А у двери кабинета, картинно опершись о косяк, победно улыбалась Ерчева. Ленка с трудом удержалась, чтобы не запустить в неё чем-нибудь тяжёлым. Даже представила, сколько будет визгу, если попадёт в цель. И невольно усмехнулась.
Алина впала в ступор, разглядывая необъяснимую Ленкину радость и на всякий случай свёртывая победное ликование. Скосила глаза на своё платье – в ужасе, что с её одеждой что-то не так. Ленка тут же подыграла и чуточку покачала головой, указуя взглядом куда-то на подол. Ерчева запаниковала и сбежала в туалет. Искать несовершенство.
Блондинчик в окантовке скучающих качков величественно проплыл мимо, мурлыкая по мобильному. И вдруг вернулся, отечески взяв за локоть, шепнул на ухо:
– Детка, прайс одобряю. Жаль, что ты не в моём вкусе.
– Отвали, – дёрнулась Ленка, пытаясь вырваться, но Алекс держал крепко.
– Но могу посодействовать, – он многозначительно заполоскал бровями. – Хочешь?
– Это ты-то? От горшка два вершка, а уже в сутенёры метишь? Я с мелкотой дел не имею. Понял или по буквам расшифровать?
– Какой темперамент, – он расплылся в улыбке, являя миру идеально отбрекетированные зубы. – А ты мне всё больше нравишься. Только заруби себе на носу: в мою сторону максимум уважения. Поняла? Тогда всё будет окейно и шоколадно.
– Не будет, – отчётливо ухмыльнулась Ленка. – За твои шоколадки папочка платит, а у тебя за душой и гроша ломаного нет.
Троицкий сморщился совсем как химичка, уставшая от непроходимой тупости учеников, но тут же посветлел лицом, явно придумав что-то неоптимистичное.
– Детка, – в предвкушении забавы его голос стал отвратительно ласковым. – Пора заняться твоим воспитанием.
– А силёнок хватит? Или своих качков позовёшь?
– Ого, мы намекаем на групповушку?
– Фу, Троицкий. Нельзя же так громко признаваться в сексуальных предпочтениях. А вдруг я проболтаюсь?
– Это угроза? – удивился Алекс.
– Тебе решать.
Троицкий разжал пальцы и отодвинулся, разглядывая Ленку, словно на её месте вдруг появился страшно неудобный и колючий кактус.
– Савина, – запыхавшись, возник рядом Вересов, – тебя Русалка зовёт. Очень срочно.
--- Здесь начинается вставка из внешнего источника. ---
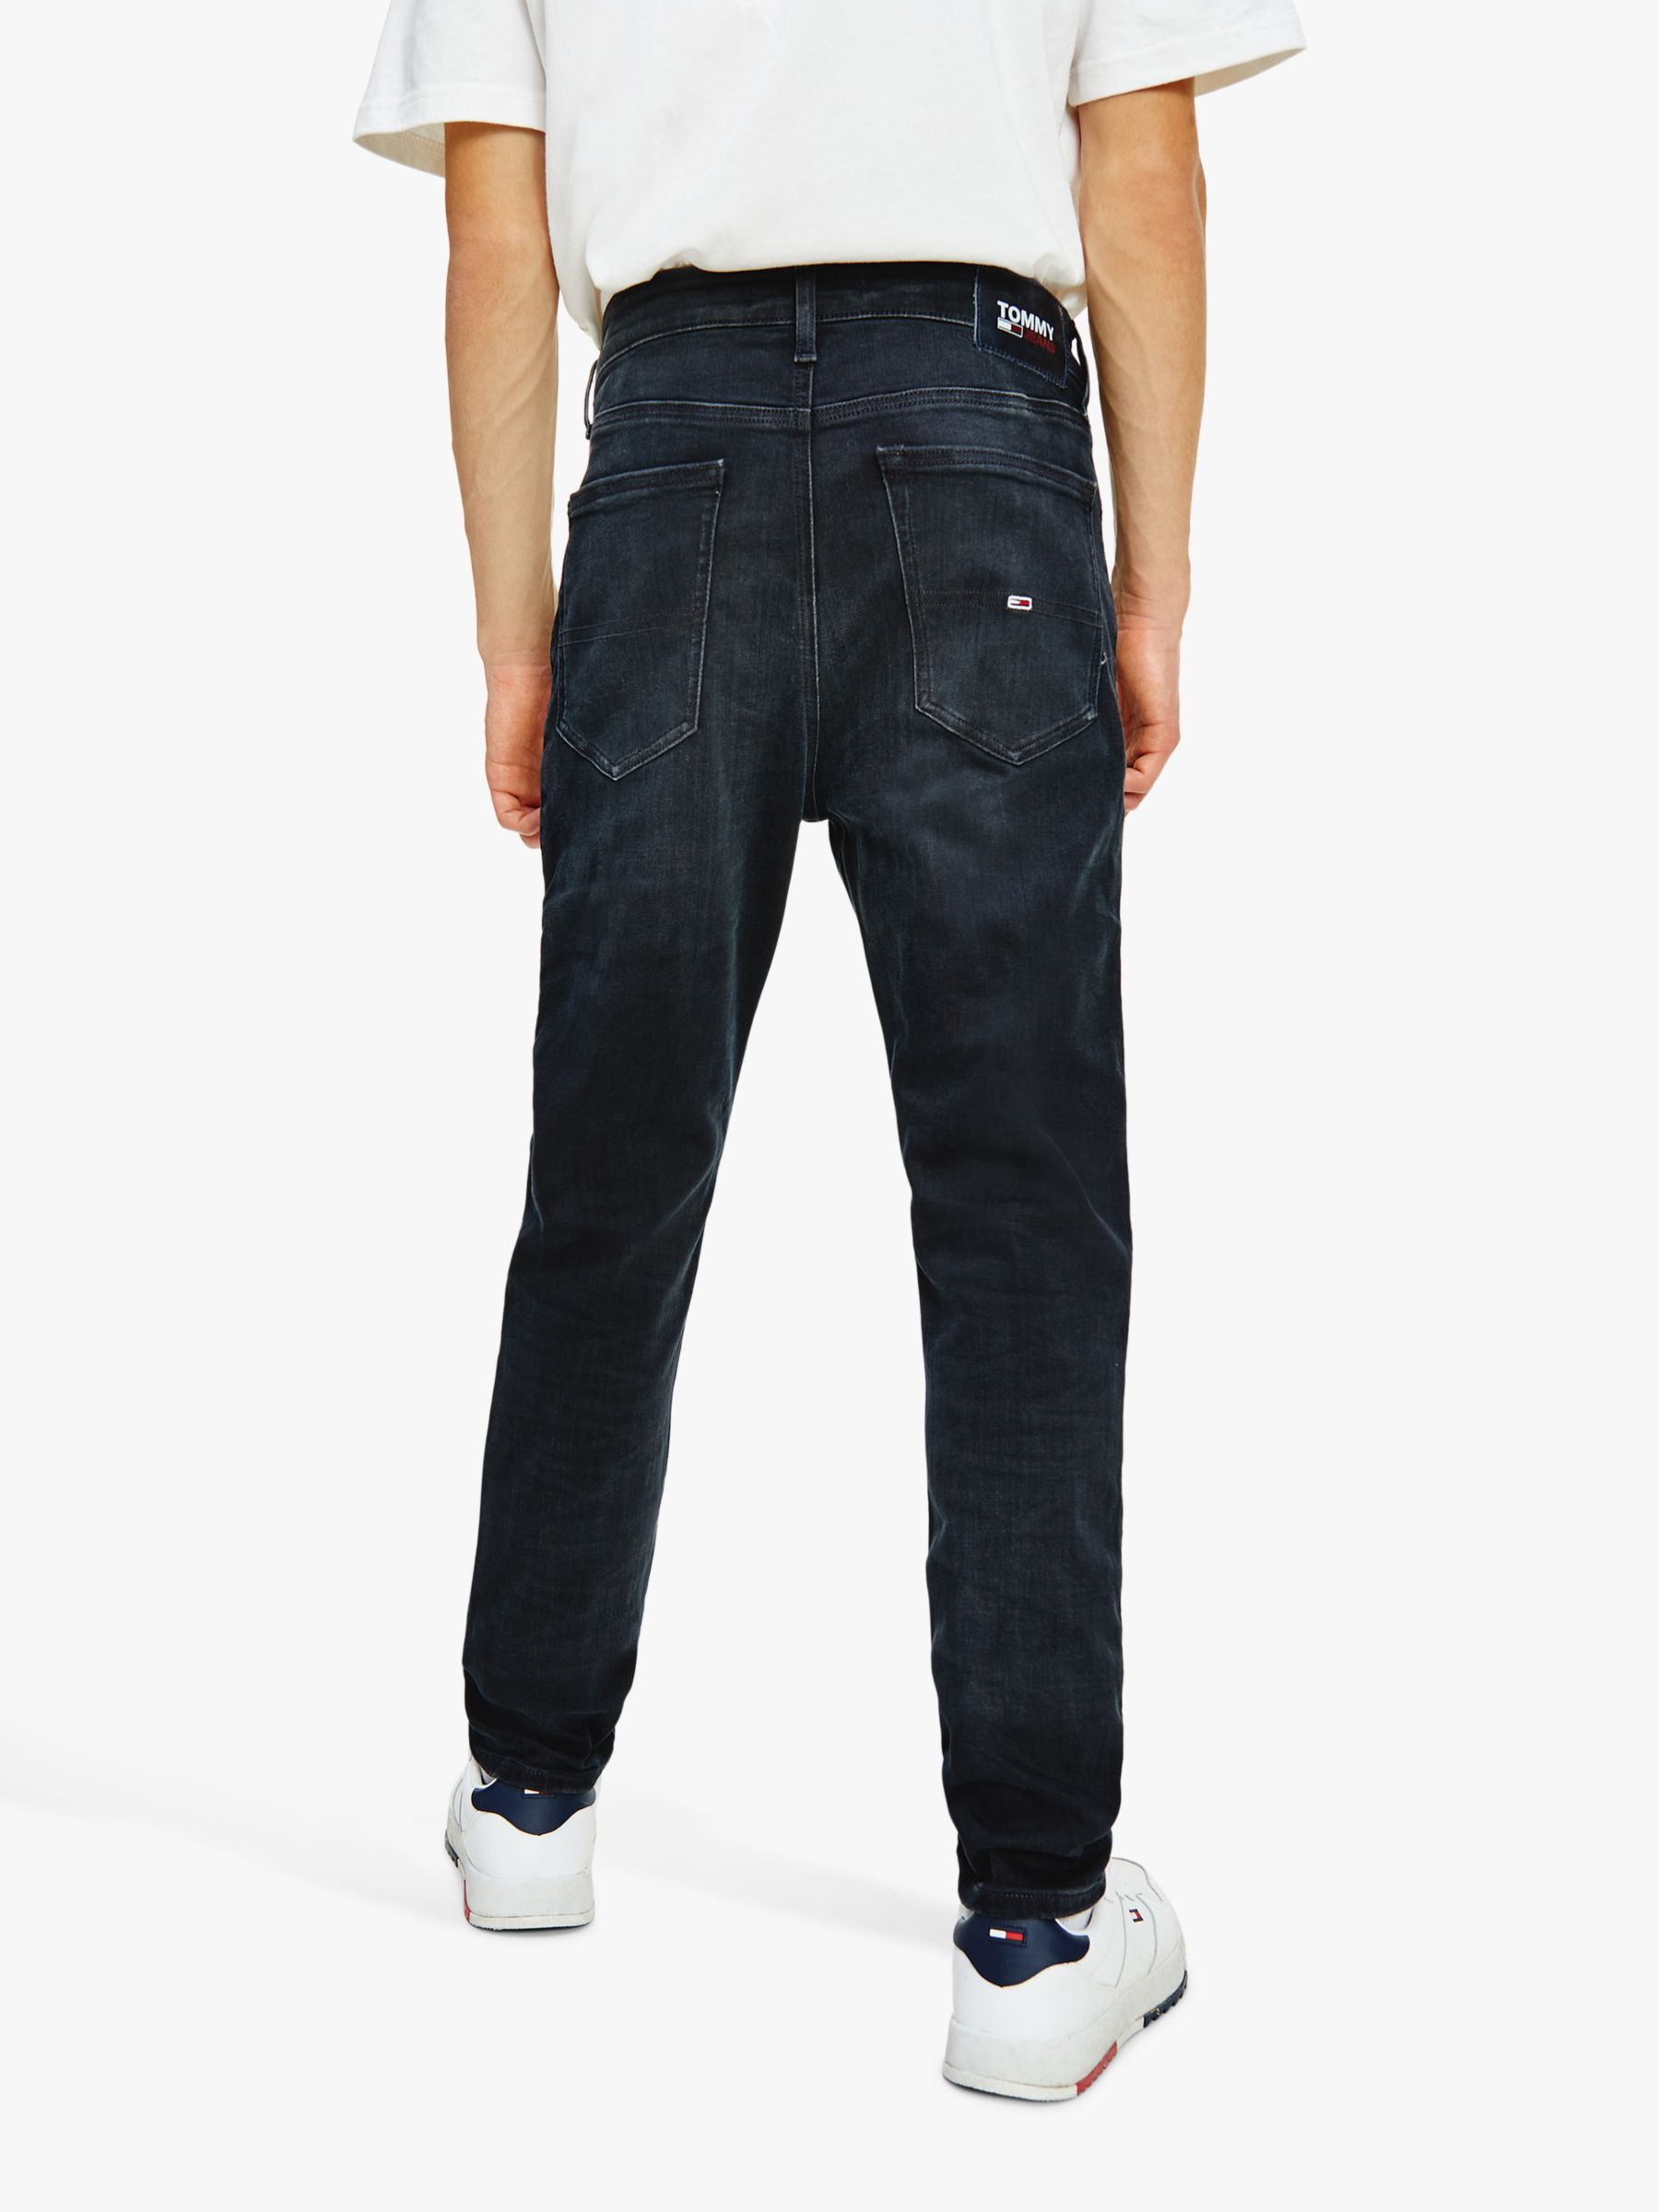 Buy Hilfiger Denim Jacob Skinny Fit Jeans, Dynamic Black Online at johnlewis.com
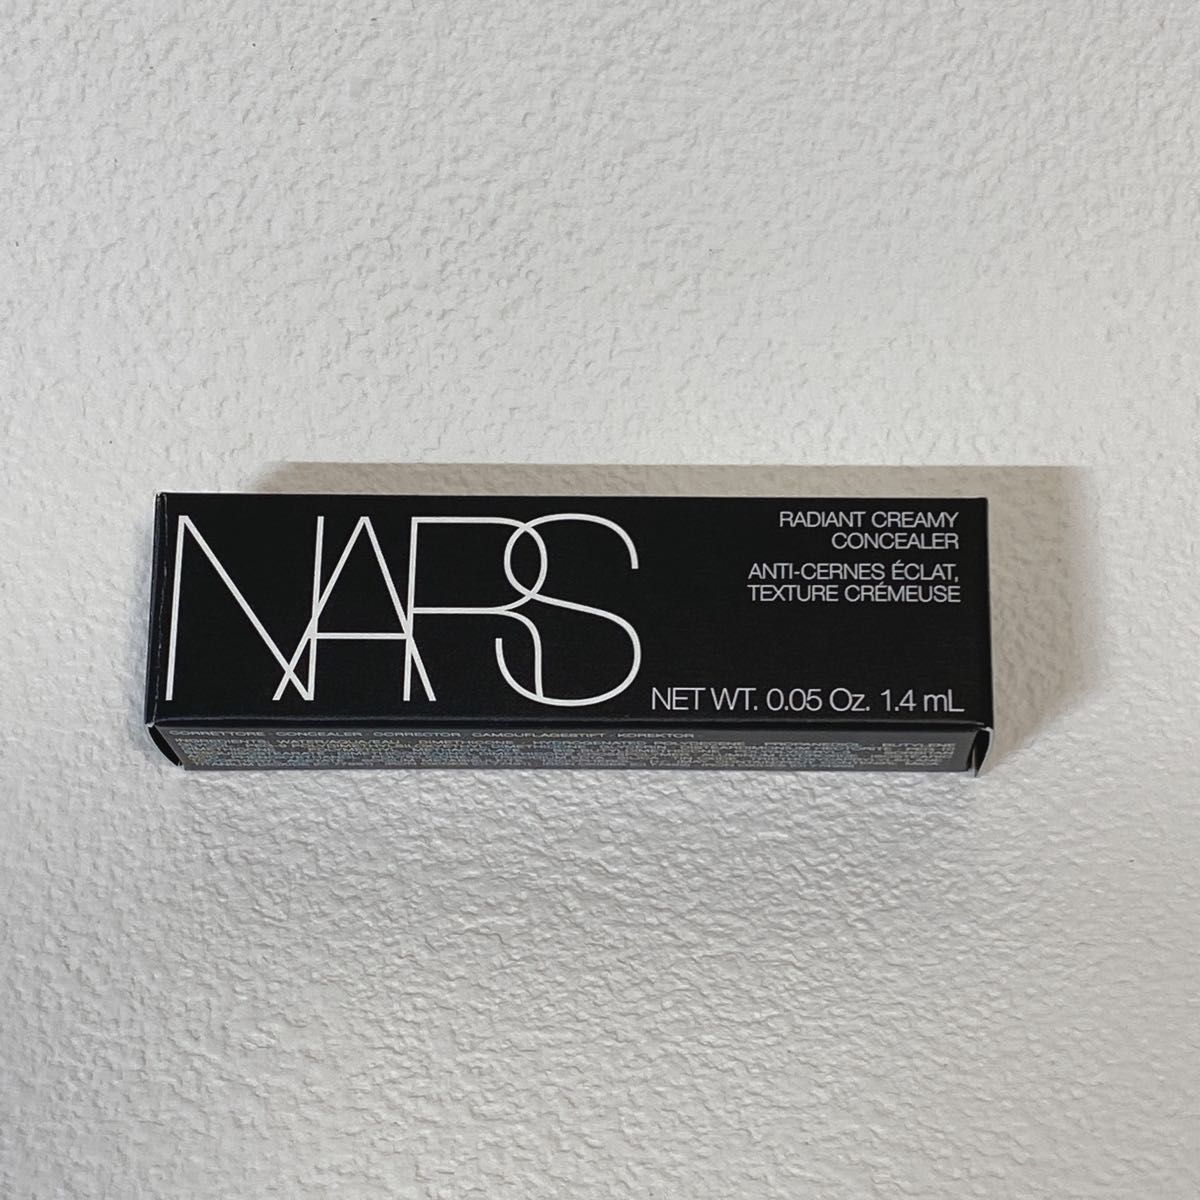 【非売品】NARS (ナーズ) ラディアントクリーミーコンシーラー 1.4ml

– Жаль, а мы только разговорились, – блондинчик задумчиво принялся поправлять и без того идеально уложенную чёлку. – Ладно, иди. Позже поговорим.
Гот целеустремлённо потащил Ленку вперёд. И, только когда они забрели в спортзал, Ленка недоуменно остановилась.
– Вересов, здесь же никого нет.
– Русалка тебя не звала, – он принялся стряхивать с пиджака пылинки и делал это с большим старанием. – Это я так, чтобы Алекс отстал.
– Премного благодарна за заботу.
– Яблоко хочешь? – Он вытащил из сумки небольшое зелёное яблоко и протянул Ленке.
– Да отстань ты со своим яблоком! – рявкнула она. – Я сама справлюсь. И не надо за мной ходить. Понял?!
– Понял. Исправлюсь, – дурашливо закивал он и хрустко куснул яблоко. – А на урок можно пойти?
– Да пошёл ты, – отмахнулась Ленка.
– Сударыня, вы очень добры, – прошепелявил Вересов. – Буду щастлив сидеть с вами в одном классе.
Ленка, обрывая дальнейшую дискуссию, побрела к кабинету алгебры. Мучительно хотелось поговорить с Дашкой. Даже не столько поговорить, сколько просто услышать её голос. Её смех.
Она так углубилась в созерцание своего несчастья, что уроки тихо прошуршали где-то за чертой восприятия, сливаясь в один неоформленный комок. Реплики одноклассников с похабными намёками больно царапали, но Ленка делала вид, что ничего не слышит.
Дома, забившись в ванную, она приготовилась поплакать. Но слёз не было. Промаявшись на холодном полу с полчаса, Ленка побрела на кухню. Открыла холодильник. Порассматривала заботливо упакованные в плёнку тарелки с едой. Есть не хотелось категорически. Но для успокоения родительницы нужно было что-нибудь в себя втолкнуть.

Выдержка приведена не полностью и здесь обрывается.